The basic rules are these:
- Enter a 1 in the column that represents the season identified in the lookup range’s first column, and 0s in the remaining columns of that row.
- For the final season, enter –1s throughout the vectors on its row.
Then, enter this formula in the first row, first code vector (in Figure 5.19, that’s cell E8):
=VLOOKUP($B8,$A$2:$D$5,2)
The first argument, which here is $B8, should be a reference to the season identifier for the first record. It anchors the reference to column B so that you can drag it to the right without column B adjusting to columns C and D. Note that cell B8 contains a 1. The fact that the value 1 is in column B means that the record on row 8 belongs to Quarter 1.
The second argument, in this case $A$2:$D$5, should refer to the lookup range (without the column headers that Figure 5.19 shows in row 1). The third argument should identify the column with the codes for the first vector; here, that’s column B, the second column in the lookup range.

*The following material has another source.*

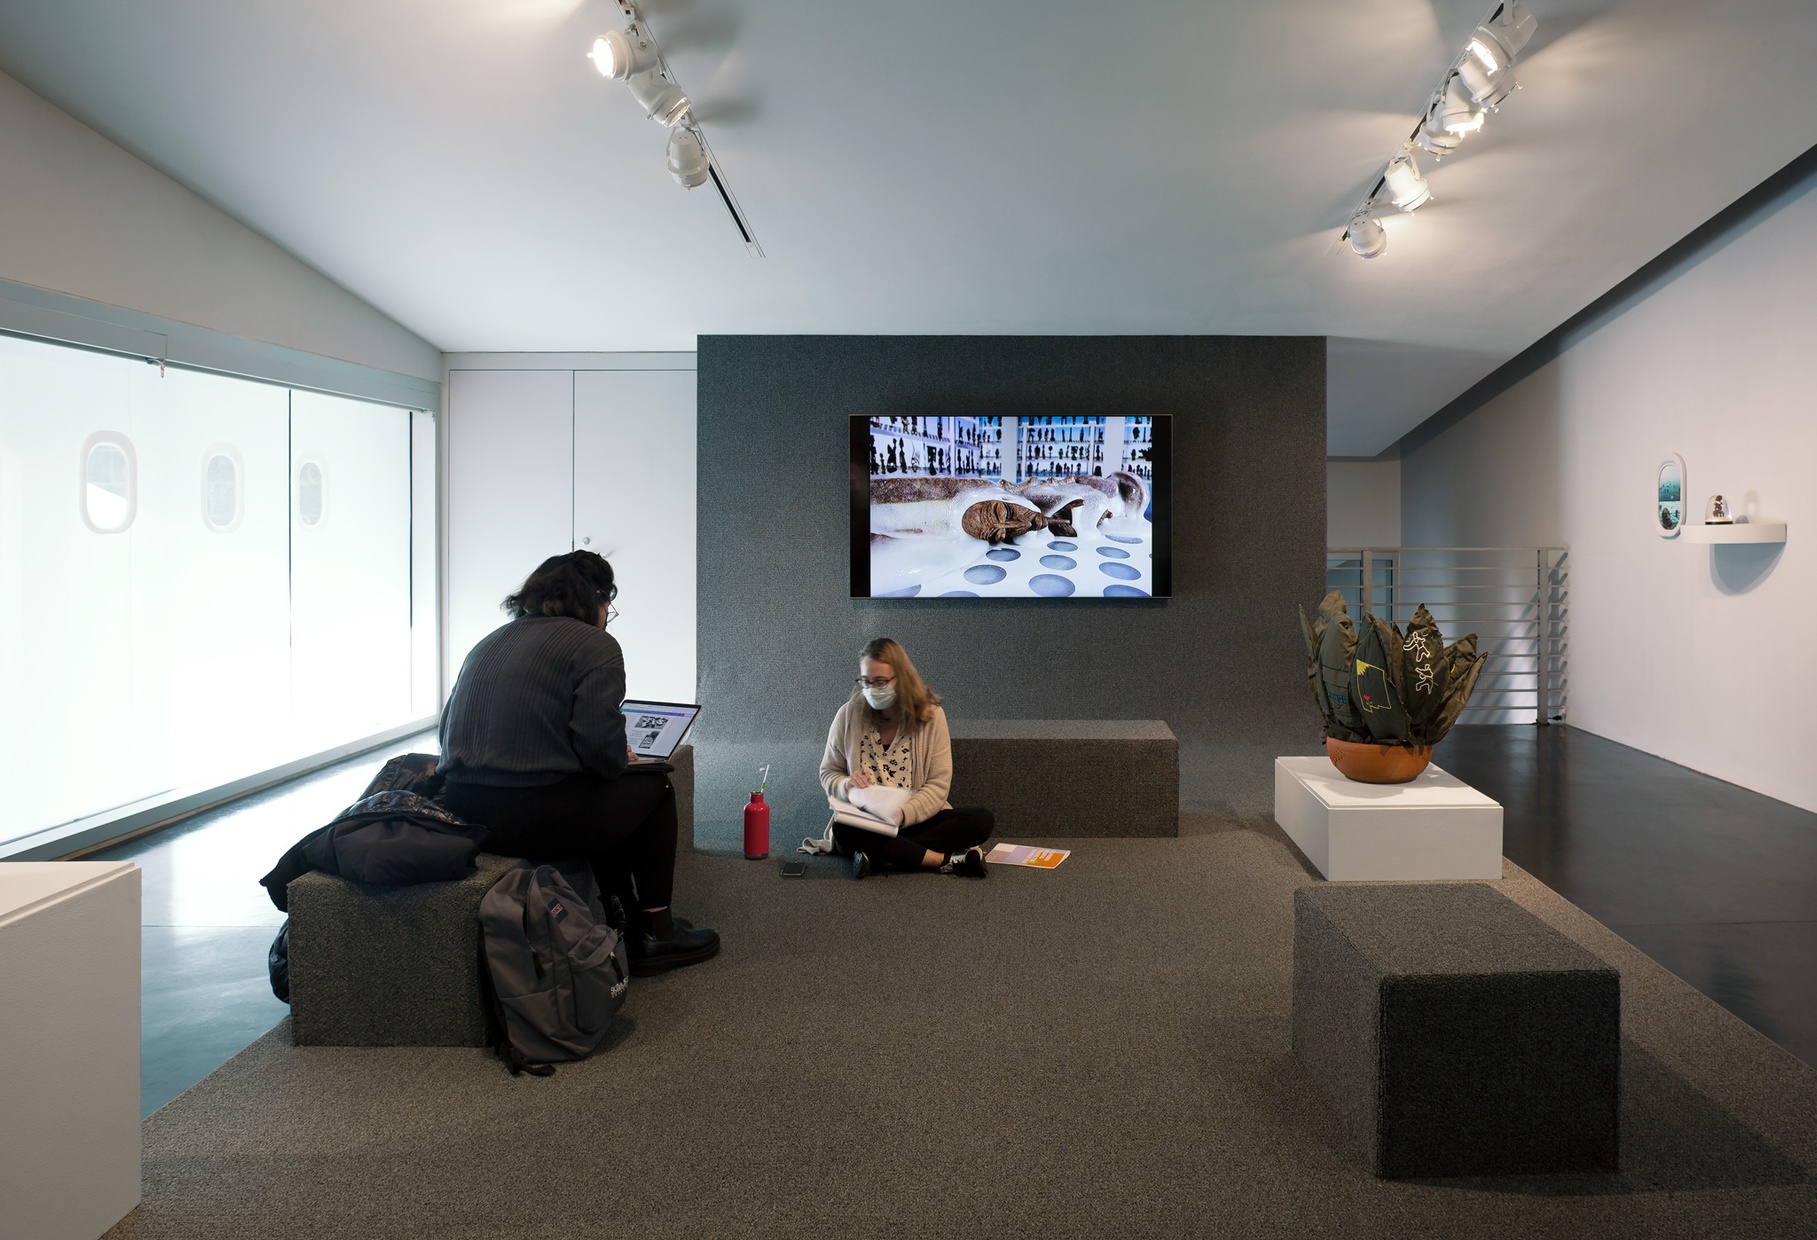 Two people sitting in a gallery with a soft sculpture of a cactus to their right and a television monitor of an animated image on the wall behind them.

Use cell E8’s selection handle to drag the formula into columns F and G. You’ll need to edit the final argument from 2 to 3 in column F, and from 2 to 4 in column G. The formulas in F8 and G8 should now be, respectively,
=VLOOKUP($B8,$A$2:$D$5,3)
and
=VLOOKUP($B8,$A$2:$D$5,4)
Finally, make a multiple selection of E8:G8 and drag it down as far as your time series goes—in the layout shown in Figure 5.19, that’s through row 27, although only the first 23 rows are visible in the figure. If the column immediately to the left of the coded vectors has data all the way to the end of the time series, just double-click cell G8’s selection handle to copy and paste the formulas all the way down, and no farther.

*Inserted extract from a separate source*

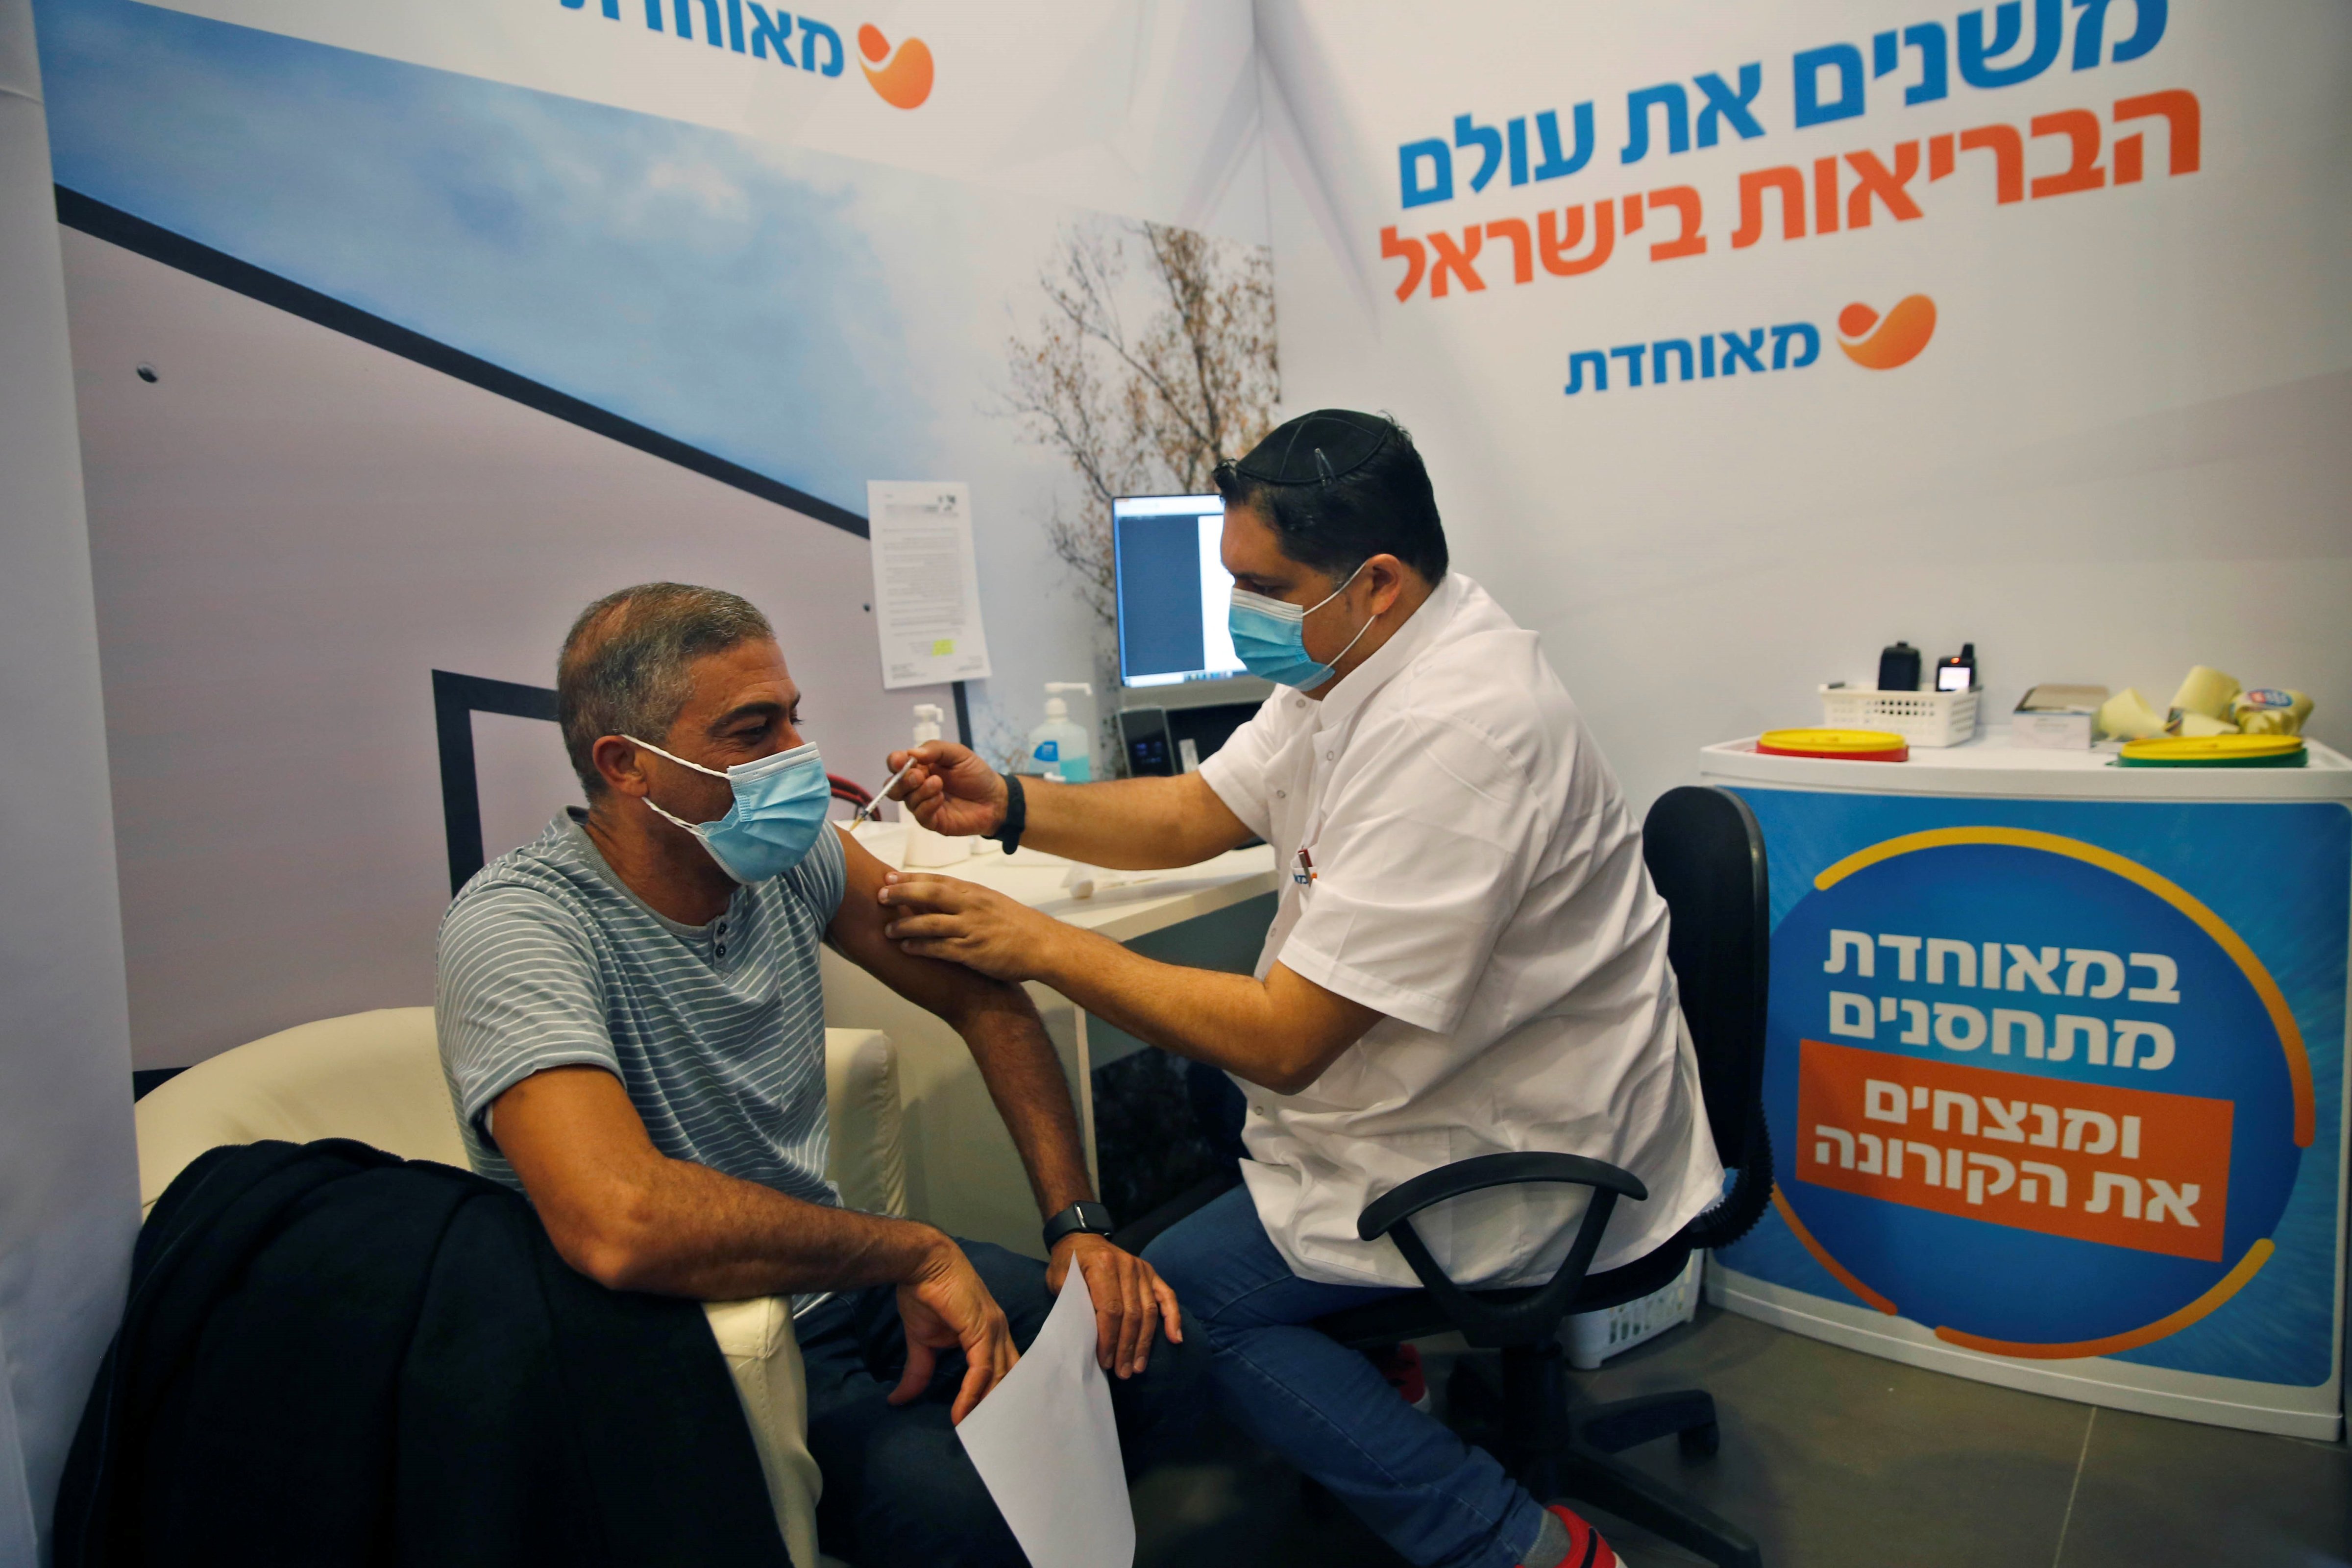 A man receives a COVID-19 vaccine at a health services center in Rehovot, central Israel, on Jan. 14, 2021. (Gil Cohen Magen—Xinhua News Agency/Getty Images)

At this point, you’re in a position to use LINEST() to get the regression equation and associated statistics to evaluate it, and TREND() to get the seasonal forecasts. Figure 5.19 uses this array formula in F2:J6:
=LINEST(C8:C27,D8:G27,,TRUE)
And this one in J8:J27:
=TREND(C8:C27,D8:G27)
You can get the one-step-ahead forecast for the first quarter of 2006 using the same approach as shown at the bottom of Figure 5.17.
Dummy Coding
Effect coding has a close relative called dummy coding. It uses the same data setup as effect coding, with one crucial difference: The records that get –1s in each vector with effect coding get 0s instead in dummy coding. Figure 5.20 shows the data in Figure 5.19 set up for dummy coding.
Figure 5.20 Notice that the overall regression statistics such as R2 are unaffected by the choice of coding method.
Using dummy coding instead of effect coding changes no regression statistics other than the regression coefficients and intercept for the coded vectors, and their standard errors (found in LINEST()’s second row). With dummy coding, the coefficient for each coded variable expresses the difference between the mean of the group associated with that variable, and the mean of the group that gets 0s on all vectors.
This characteristic makes dummy coding helpful in experiments in which two or more treatment groups are contrasted with a control group. Dummy coding can also prove useful in logistic regression because it can make interpretation of the results more straightforward.